November 5, 2010

Anderson, Council Aim for Cohesion

By CHELSEY POLLOCK
Union Leader Correspondent

DERRY -- Improved communication and a focus on economic development were among the goals laid out for Derry’s new town manager at a workshop meeting with councilors on Wednesday night.
“We’re the fourth largest community in the state, and we seem to wind up at the bottom of the barrel sometimes at the state level,” Councilor Neil Wetherbee said. “I think we’ve fallen short with communication within Town Hall itself and with the citizens.”
John Anderson, who completes his second week on the job today, told councilors he hopes to improve discussions with state representatives, school district staff and town residents.
“That’s all part of being on the same team,” Anderson said. “We’re all one town, and we should all be moving similarly in the same direction.”

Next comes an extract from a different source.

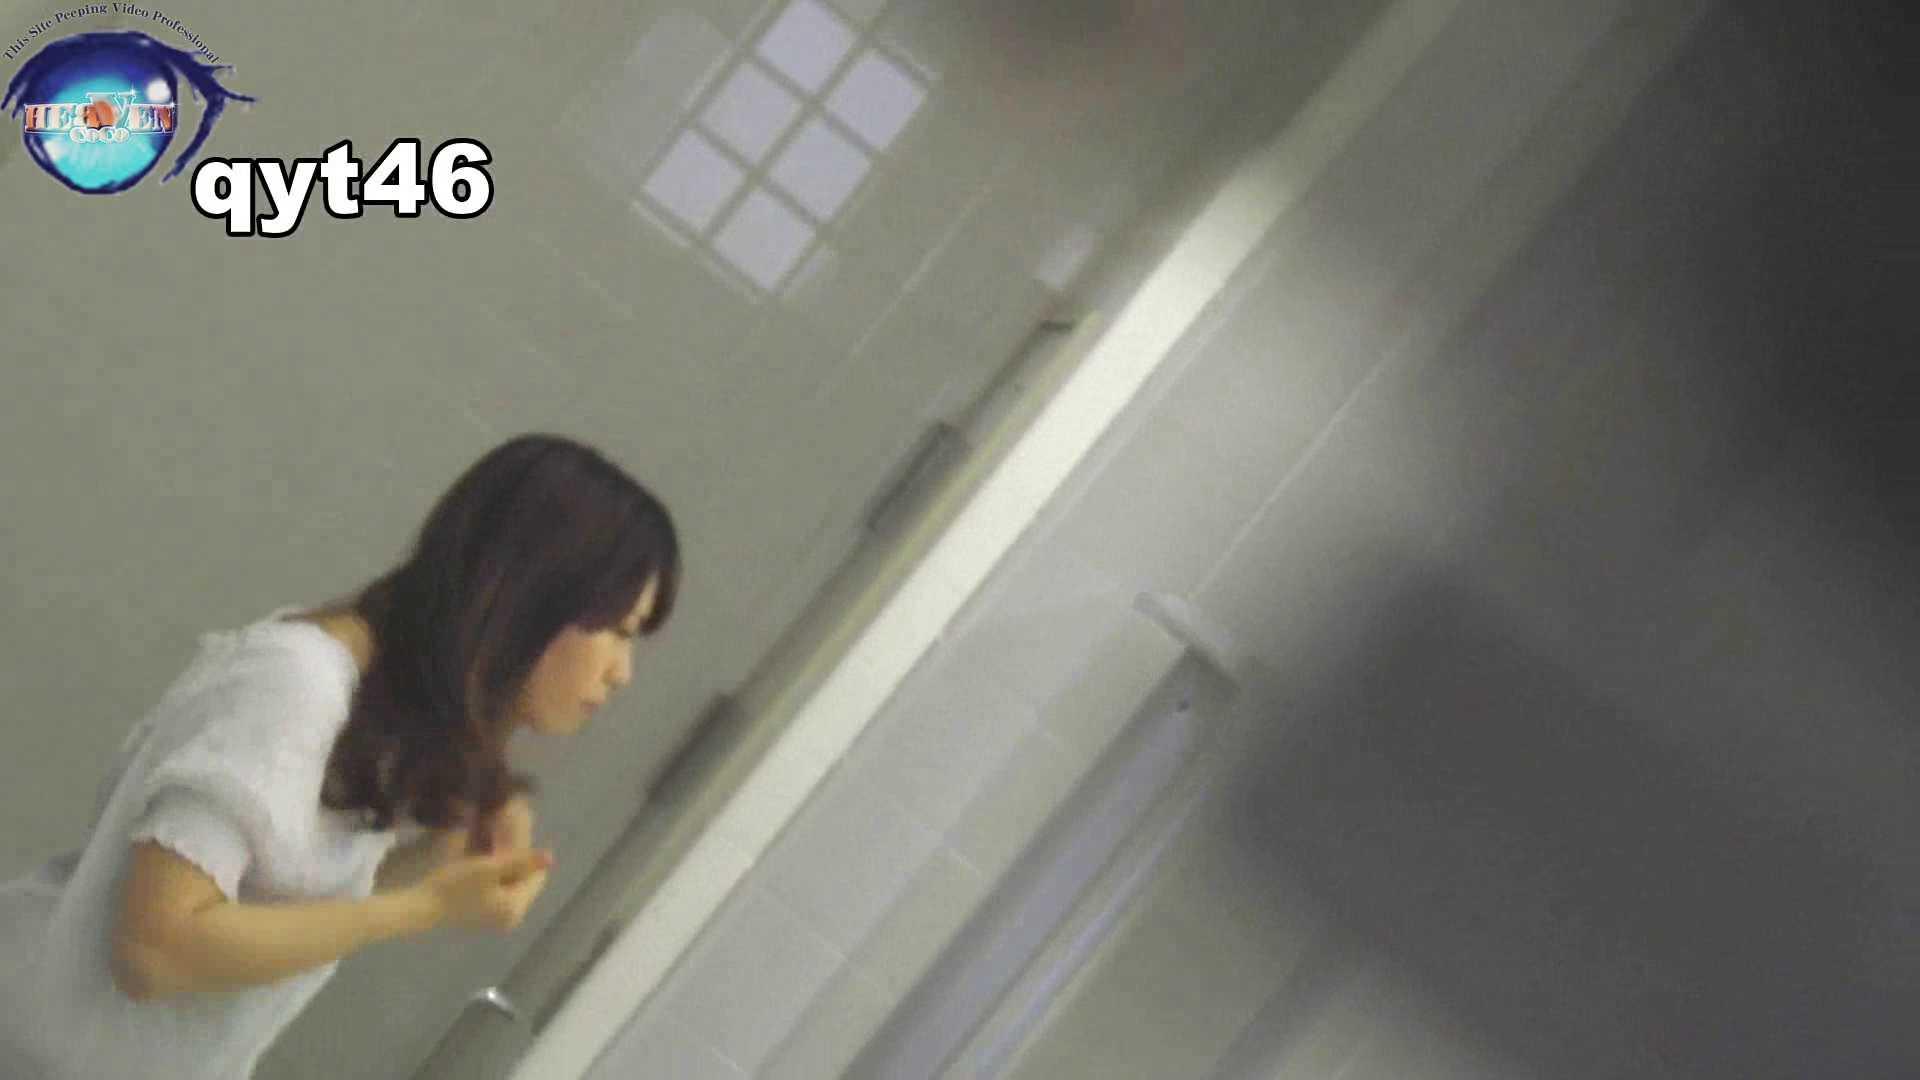 【お銀さんの「洗面所突入レポート!!」】お銀さんの「洗面所突入レポート!!」 vol.46 スッキリさん 洗面所 | 0  9枚 5

Councilor David Milz said he also hopes Anderson could facilitate communication between the various groups working to improve Derry’s downtown, like the Moving Derry Forward and Downtown Derry committees and the recently formed Derry Business Association.
“It’s getting a little confusing,” Milz said. “...There’s a lot of great ideas down there, and I’d like to task John with meeting with those groups and touching the high points on their plans and bring back his own goals to us.”

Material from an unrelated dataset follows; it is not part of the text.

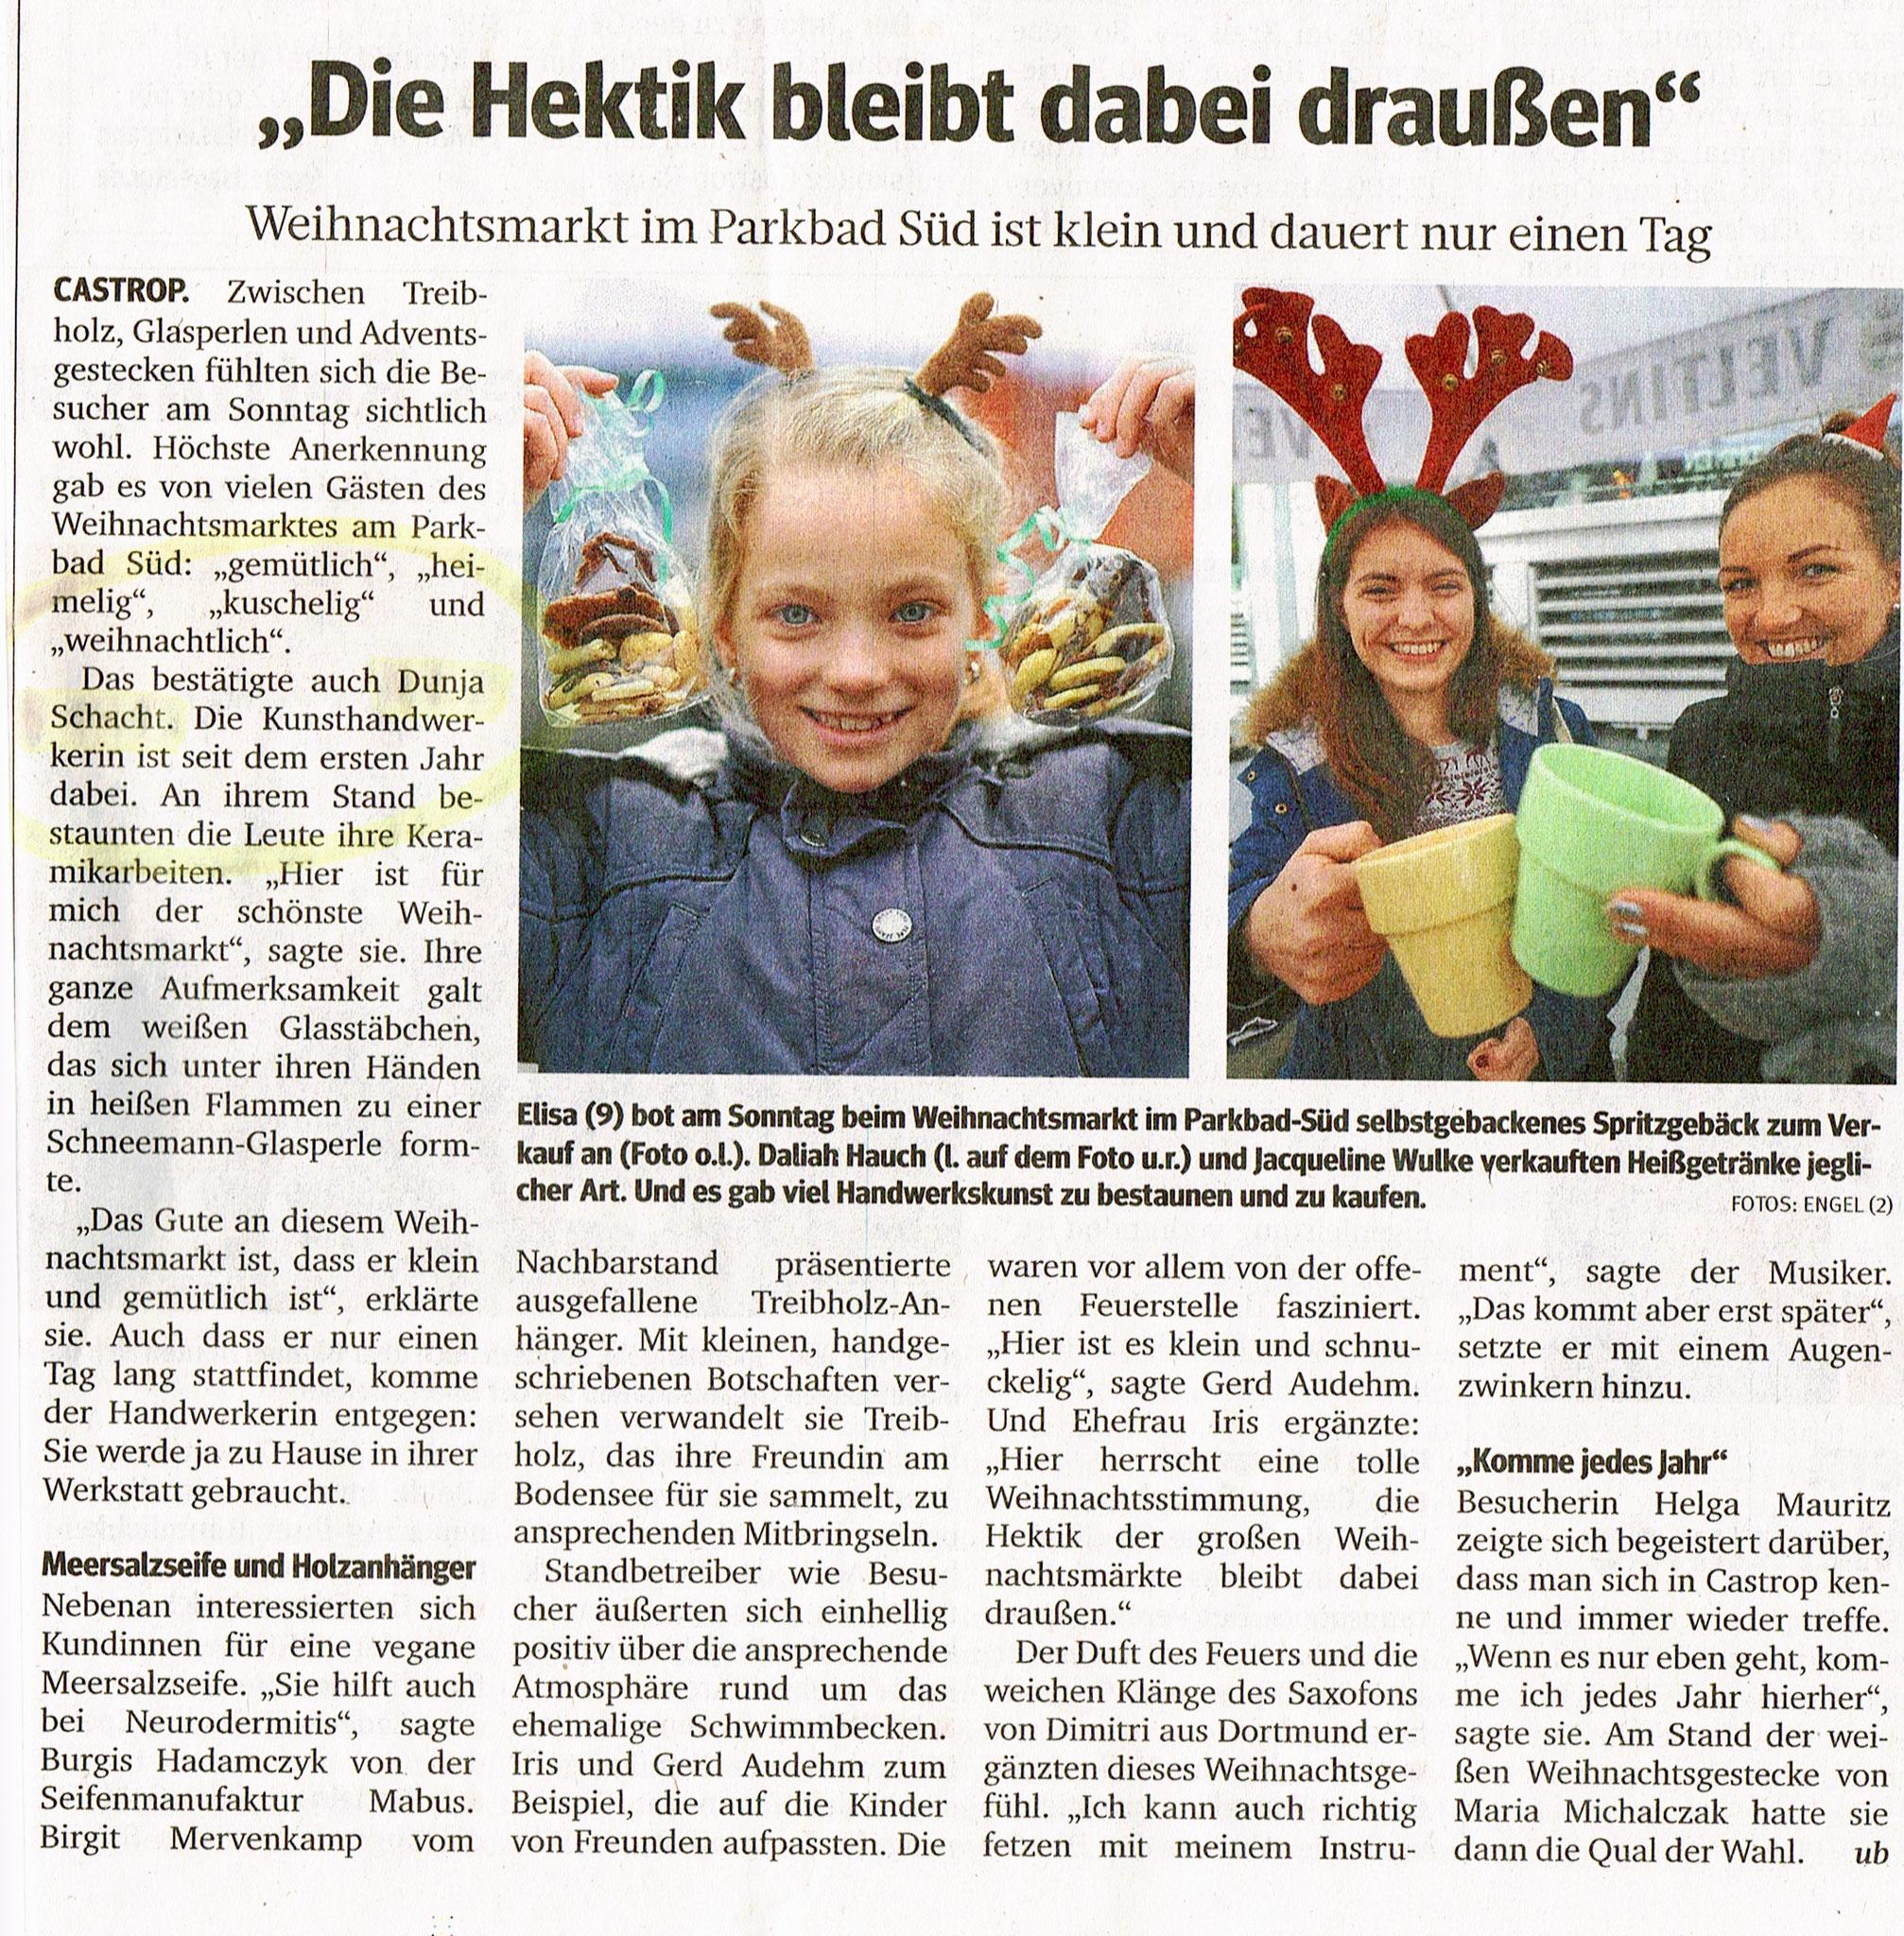 Die Keramikzeit beim Adventsmarkt im Parkbad Süd Castrop-Rauxel - Bericht (Quelle: WAZ vom 13.12.2016)

Under Anderson’s three-year contract, he is expected to come up with several measurable goals to achieve by October 2011. After that, Anderson said he will likely put together annual goals to align with each year’s budget.
“It’s not a document that is set in stone,” said Anderson on Thursday, of the goals list. “It’s fluid, as you need to be able to react to situations and events that come up.”
Other ideas put forward Wednesday were a study of town public safety systems, improvements to the Abbott Court parking lot, an increase in the open space in West Derry and a decision about plans for a senior center.
Anderson said that after a tour of the town, he hoped some improvements could be made to the town transfer station.
“It just blew my mind that they do as much as they do in such a confined space,” Anderson said. “...That’s one that we might want to start looking at where does it fit in the bigger picture.”
Anderson said he will look over council suggestions and return with a final list for approval at the board’s next meeting on Nov. 16.
But councilors said they hope to narrow the larger list to between three and five specific goals for Anderson to focus on.
“You just got here and you don’t know the history of the town and what has gone on. You’re going to have to decide the issues that you want to tackle and some of the priorities that you want to set,” Wetherbee said. “I’m not trying to ask you to solve all the town’s ills of the past many years overnight,” he said.